REQUIRED ACTION:
Pictures aside, the data must be reproduced exactly.

[INFORMATION SHOWN]

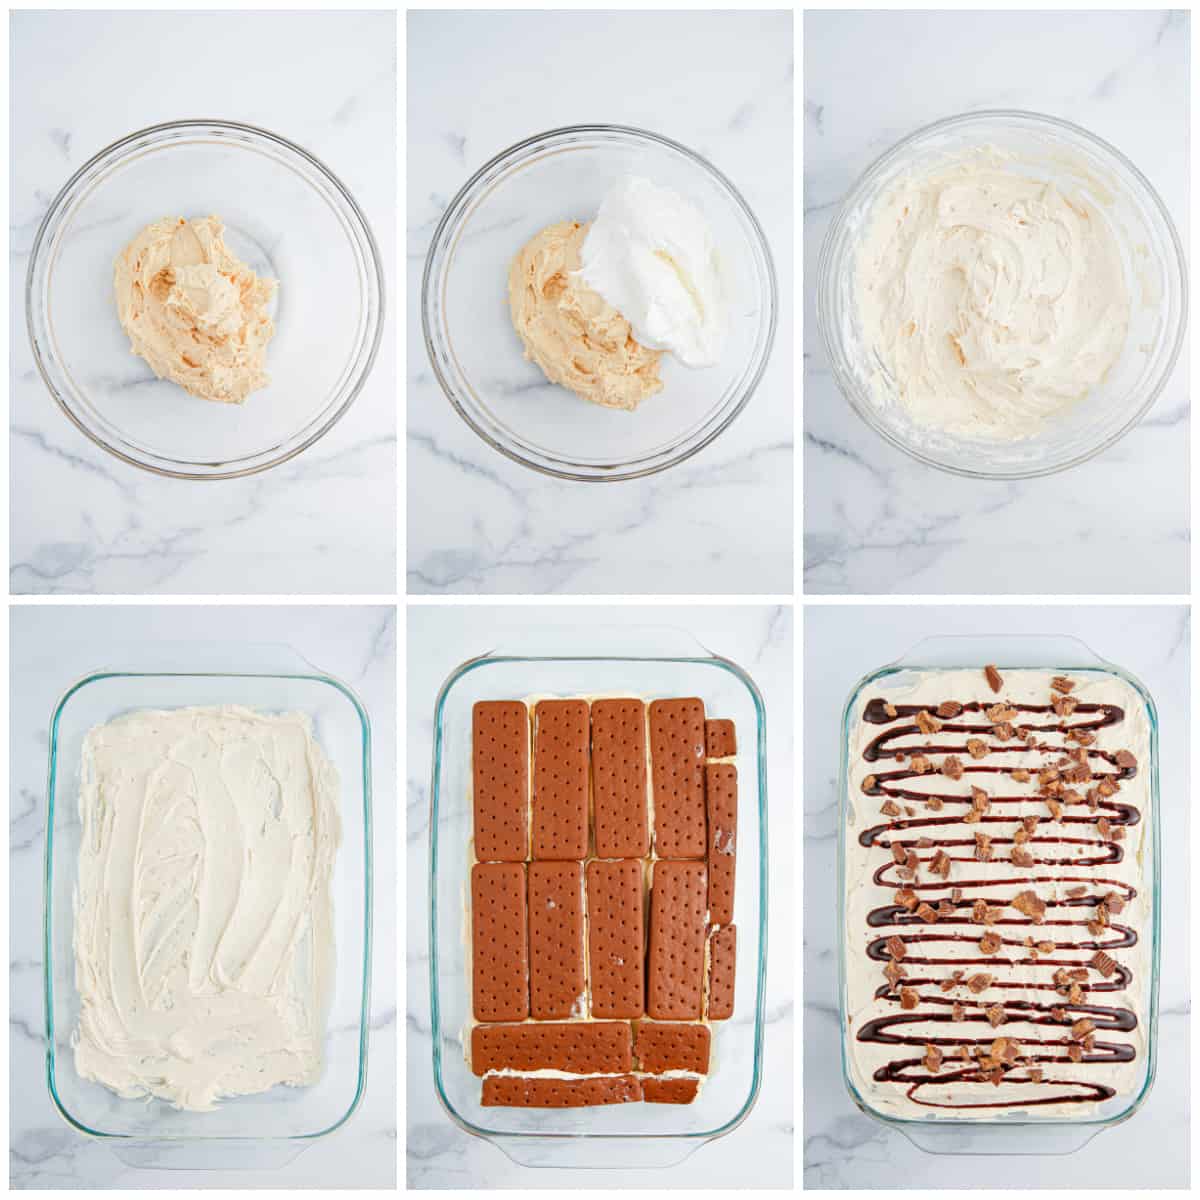 Step by step photos on how to make a Reese's Ice Cream Sandwich Cake.
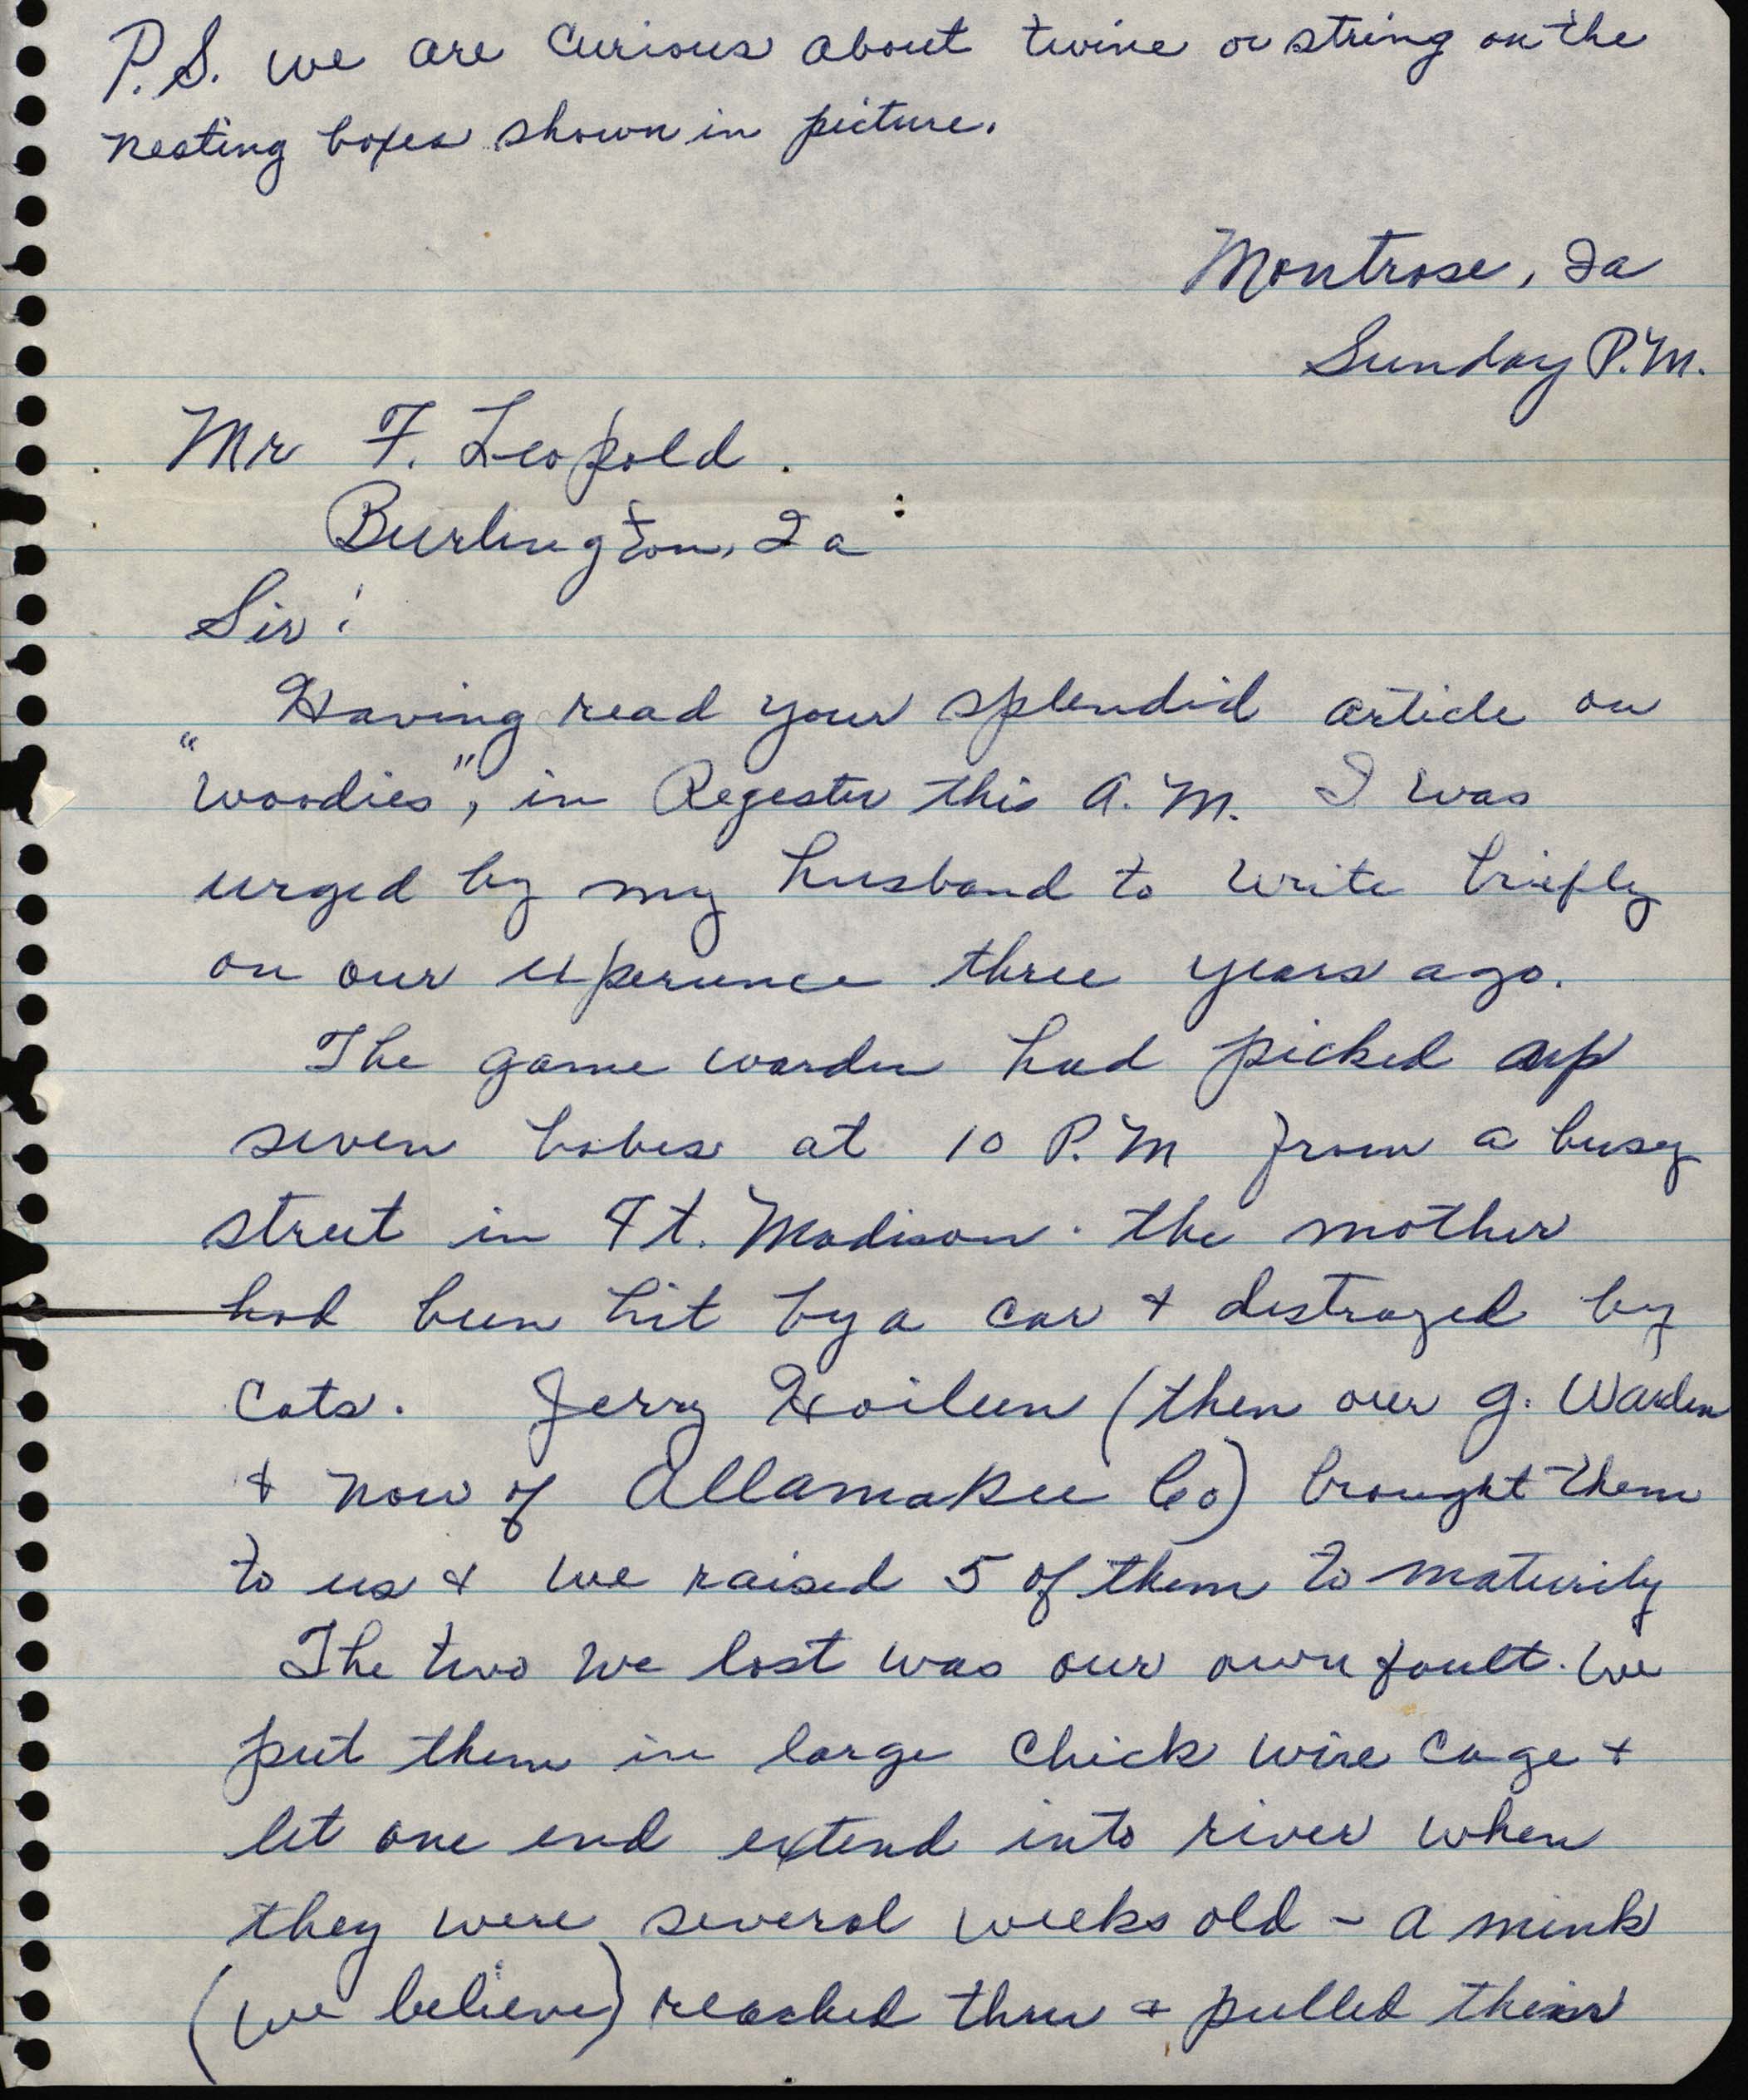 Grace McManis letter to Frederic Leopold regarding Wood Ducks, May 15, 1966
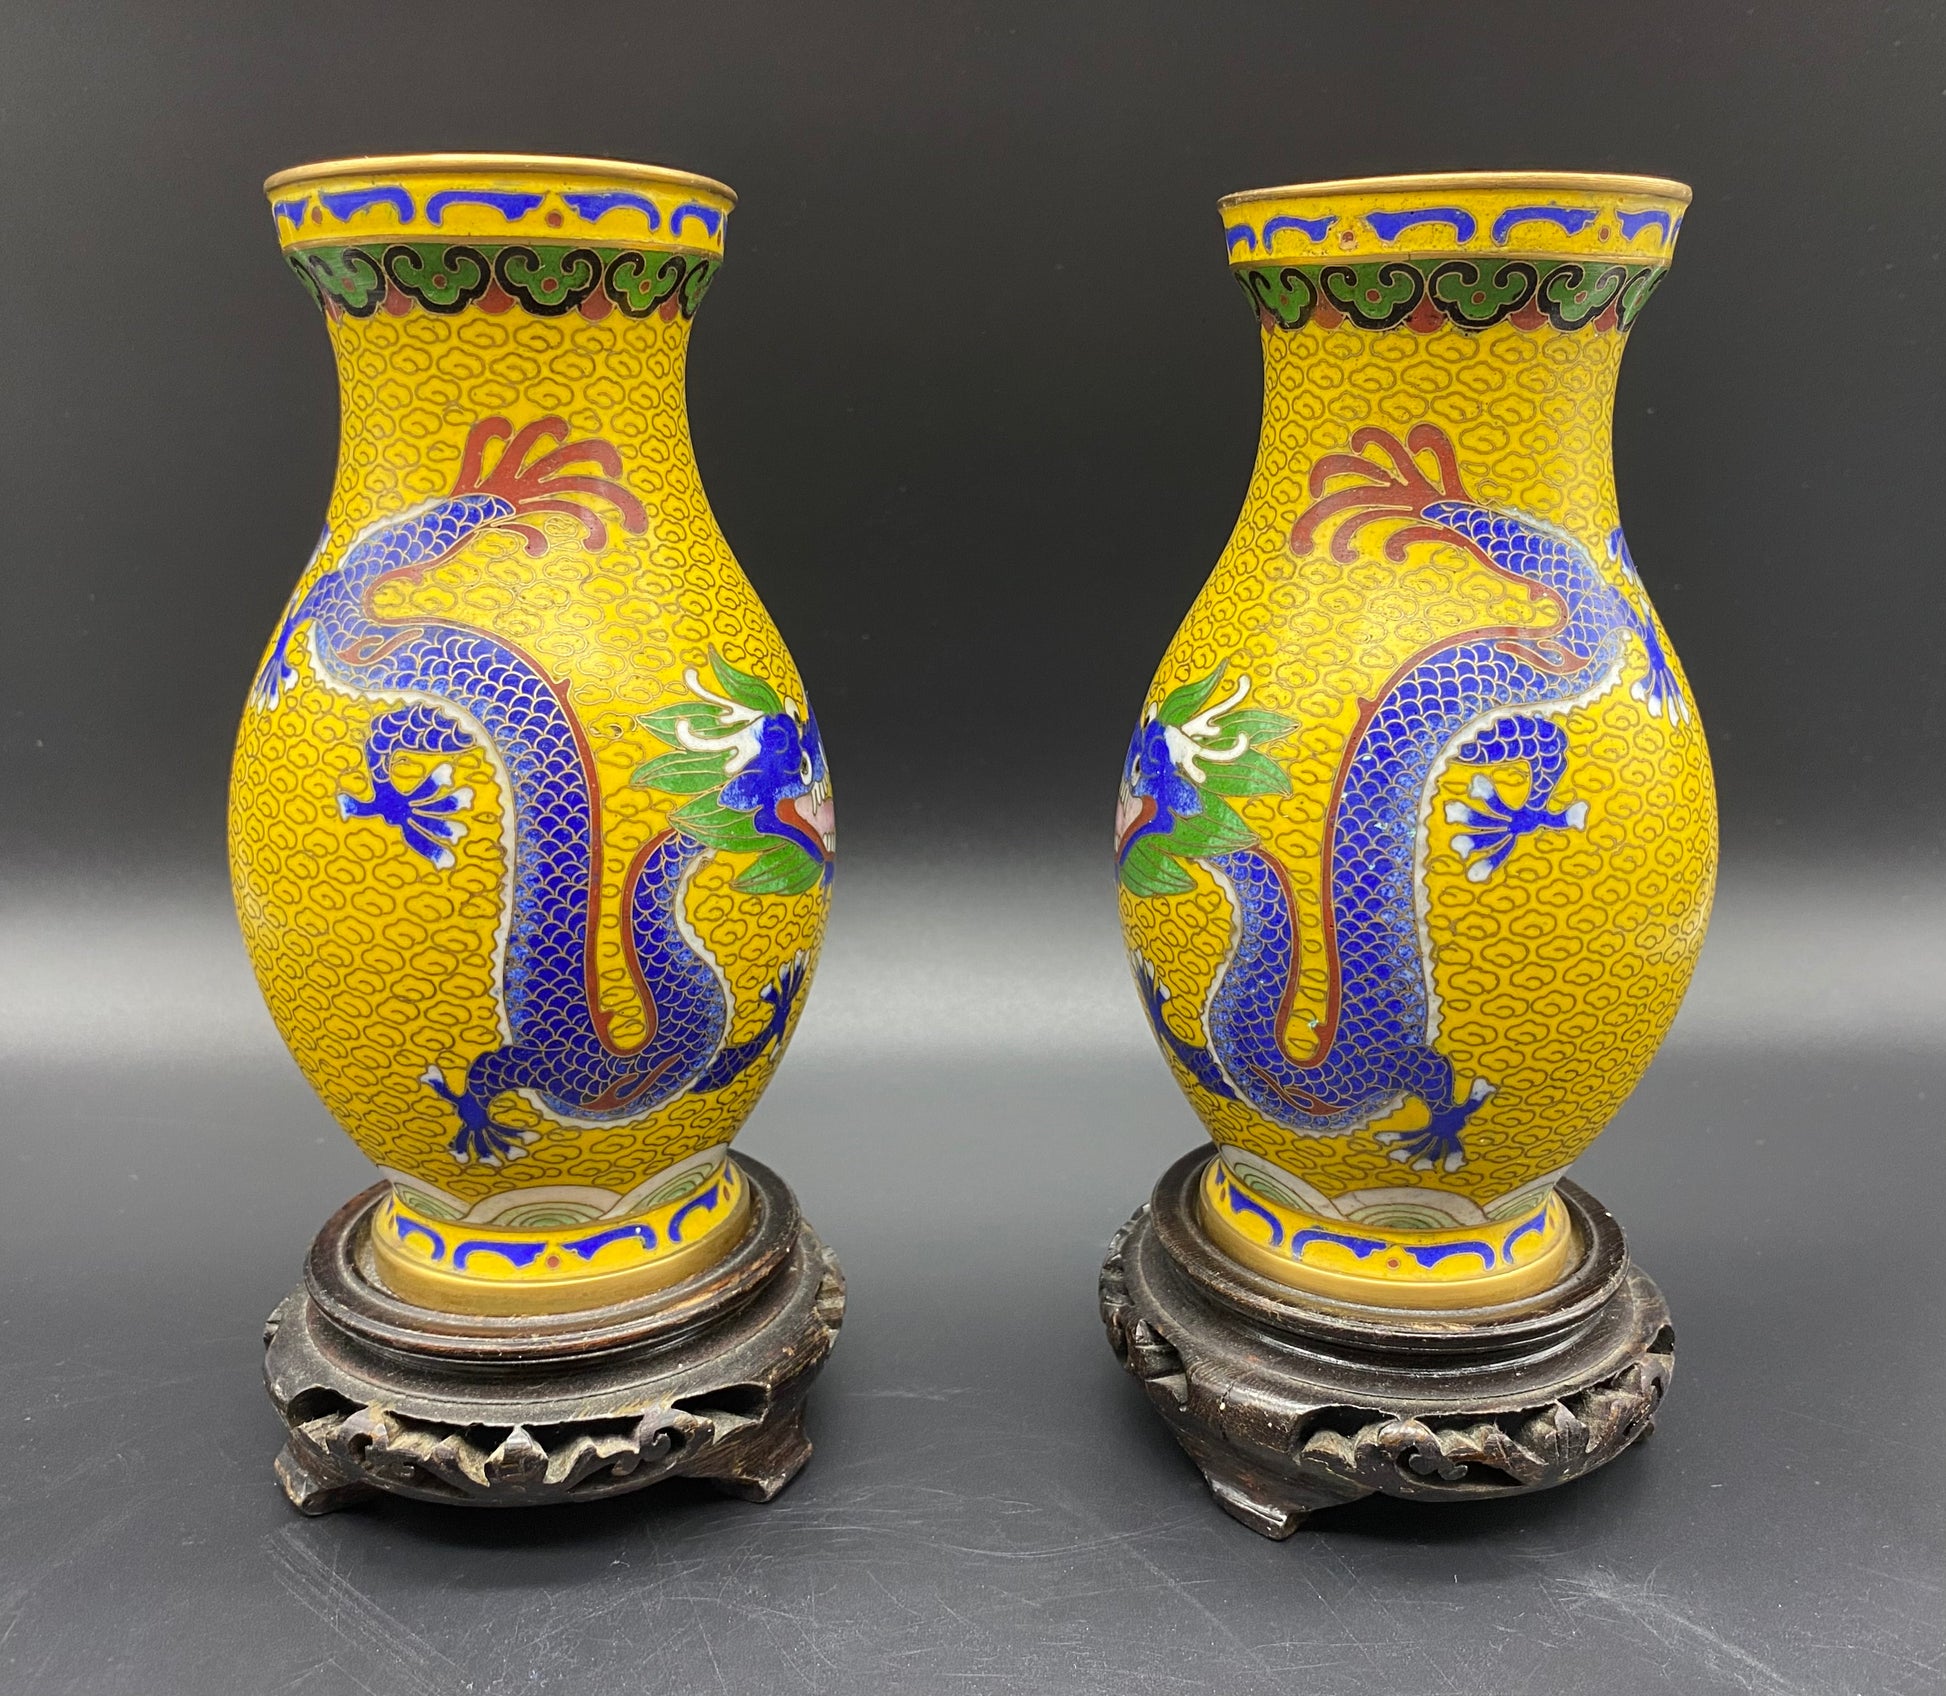 KB ANTIQUES & JEWELLERY - A very few cloisonné objects have been dated on stylistic grounds to the Yongle reign (1403–24) of the early Ming dynasty.

[/INFORMATION SHOWN]

SOLUTION FOR THIS EXERCISE:
 Step by step photos on how to make a Reese's Ice Cream Sandwich Cake.
 Grace McManis letter to Frederic Leopold regarding Wood Ducks, May 15, 1966
 KB ANTIQUES & JEWELLERY - A very few cloisonné objects have been dated on stylistic grounds to the Yongle reign (1403–24) of the early Ming dynasty.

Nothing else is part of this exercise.